Notably, in signing the new California protections, Newsom blasted red-state laws that “demonize the transgender community.” In contrast, he said, “In California, we believe in equality and acceptance.”
Here again, Newsom deliberately elevated a profound blue-red divide on fundamental values. Something similar has happened on abortion, with states such as Connecticut adopting laws creating a “refuge” against GOP efforts to criminalize abortion across state lines.
All of this might reflect profound trends in our politics. Political scientist Jacob Grumbach, author of a new book documenting how state parties are getting transformed by national debates, sees two at work.

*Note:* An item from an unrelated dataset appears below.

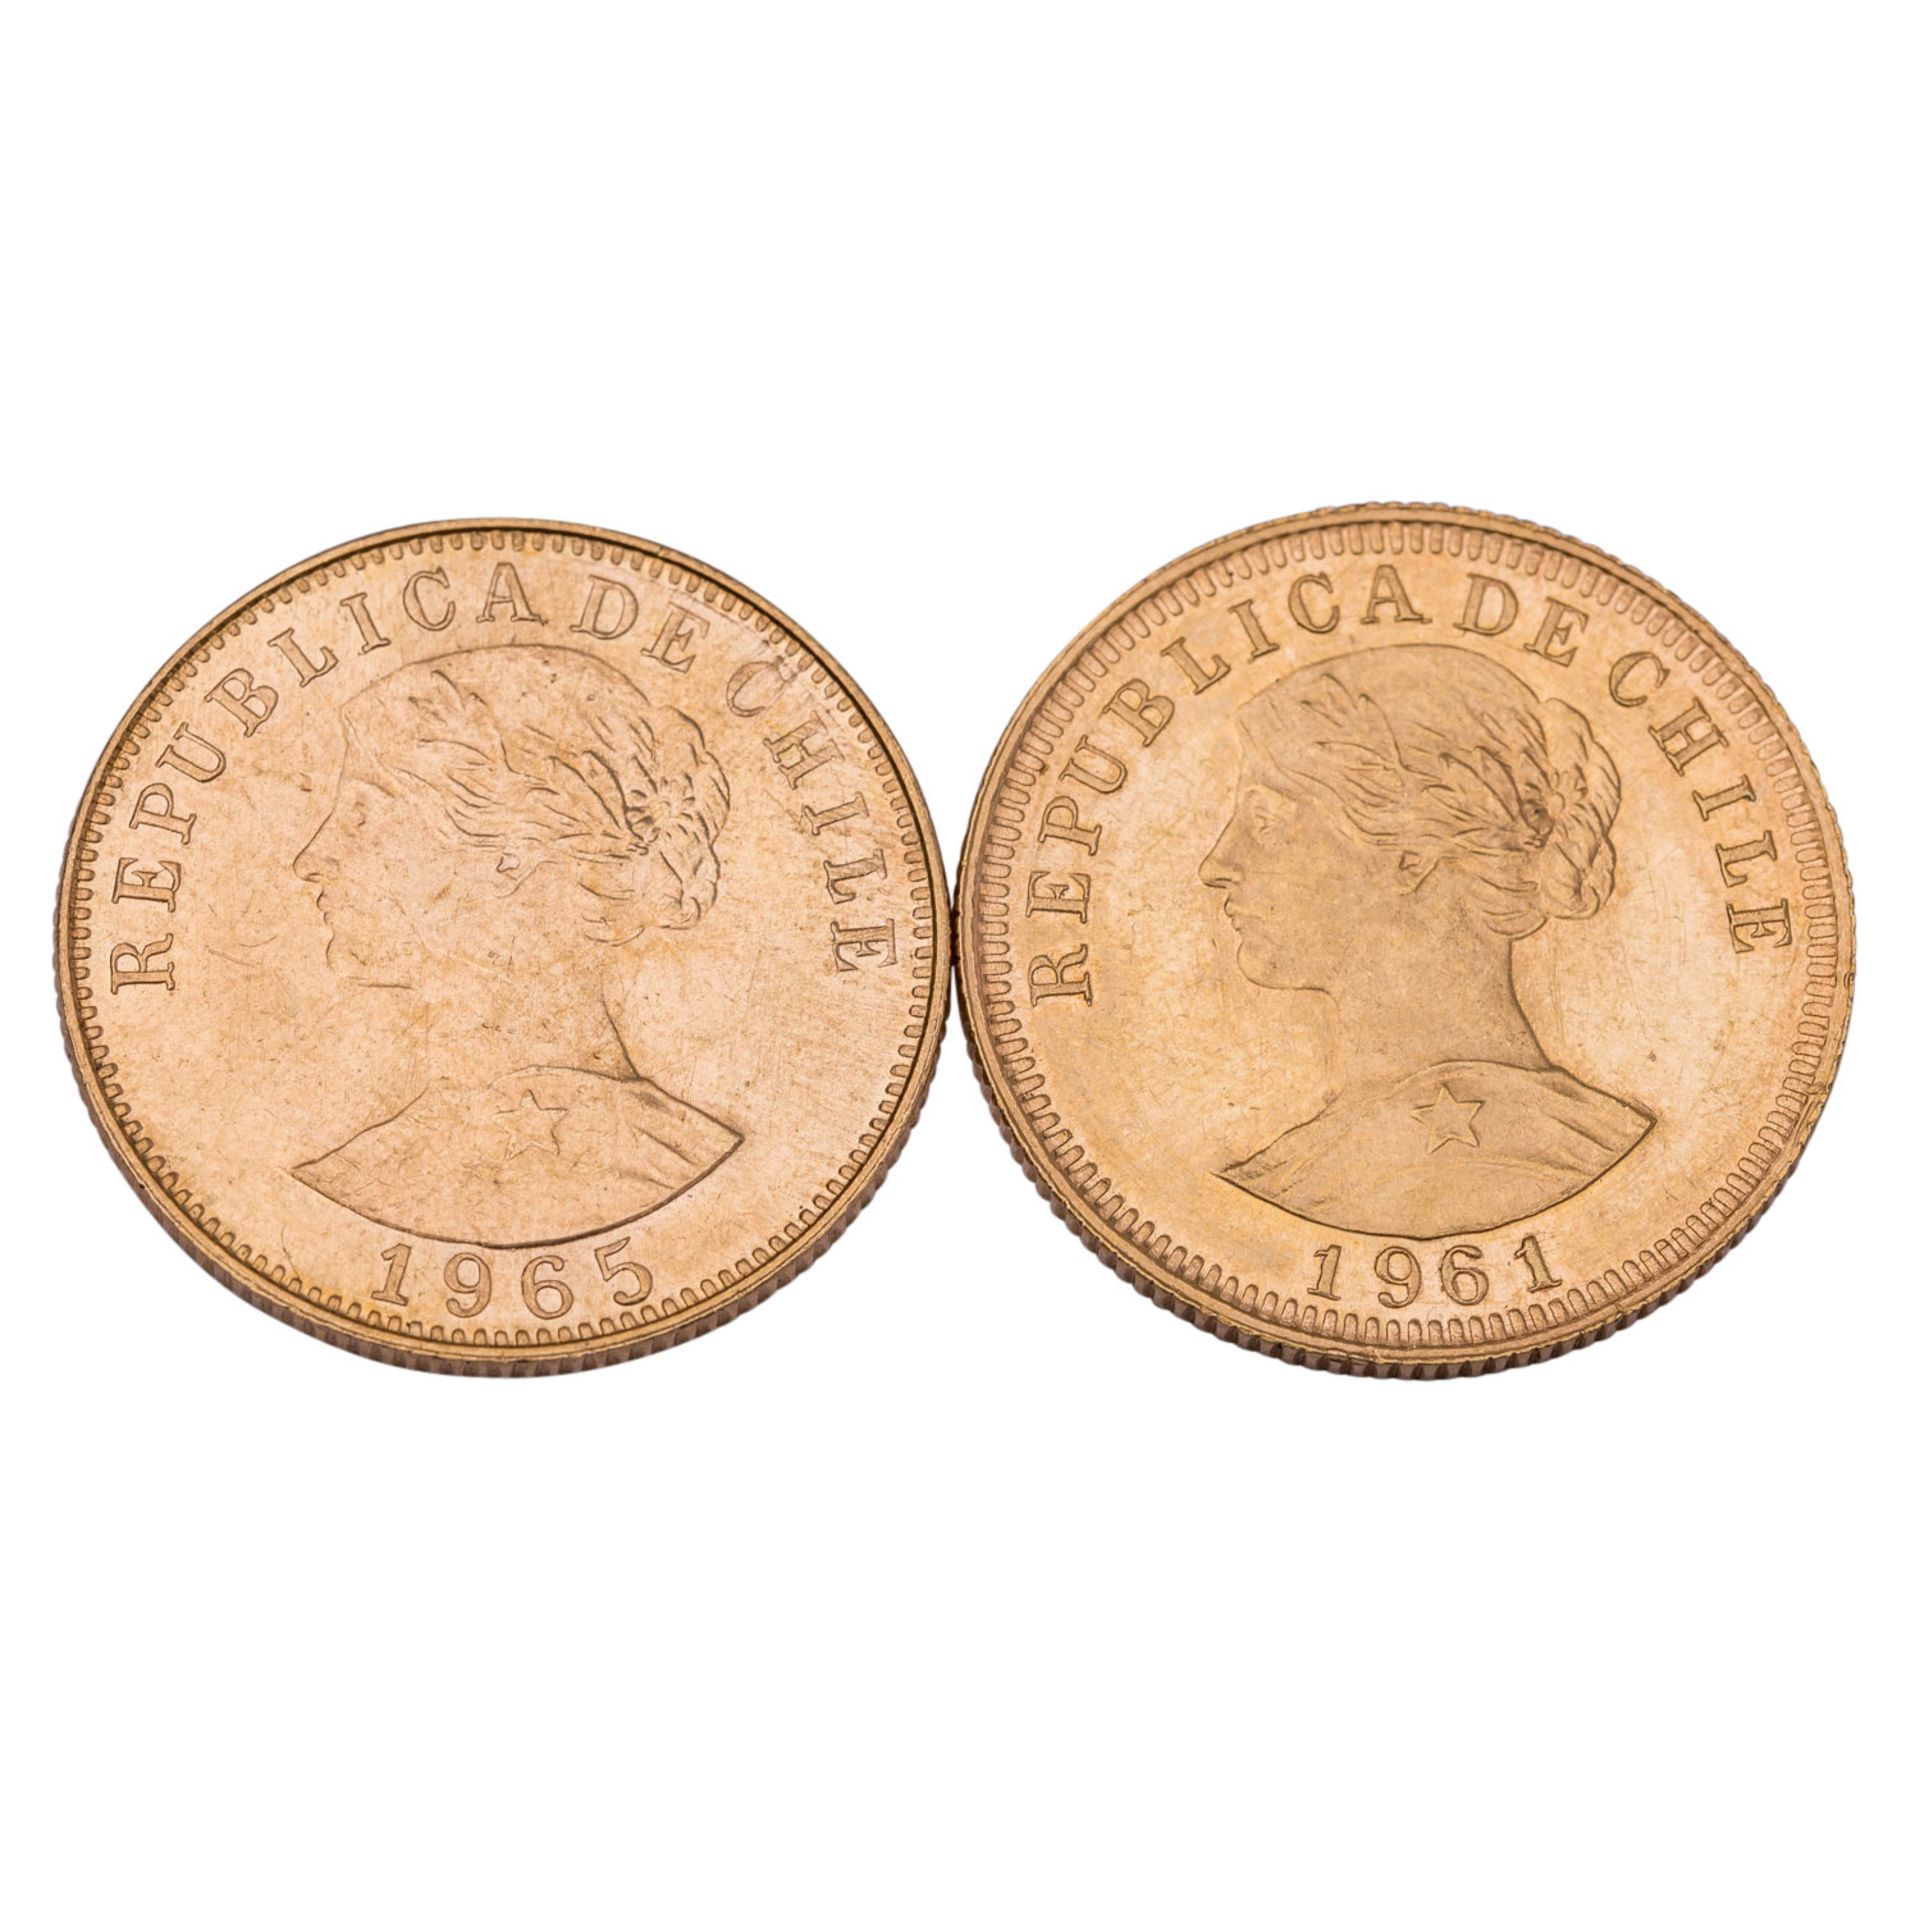 Chile - 2 x 50 Pesos 1961, 1965, Liberty, GOLD, - Image 2 of 2

The first is that red states have grown highly innovative in using state-level power to advance a culturally reactionary agenda, which they are doing almost in concert, as part of a national movement.
The second is that, as U.S. politics nationalizes, blue and red states are diverging even more dramatically. This boosts the incentives for blue-state actors to get with the program: They, too, can innovate at the state level in ways that dramatize an alternative social and cultural vision of the country’s future.
“In an era of highly nationalized politics, there are new incentives for governors to play into these national battles,” Grumbach told me. “We will see more state-level Democrats highlighting their role in this national tug-of-war over the direction of the country.”
In this regard, Grumbach said, “Newsom is a model.” So his trolling of DeSantis may well prefigure a lot more to come.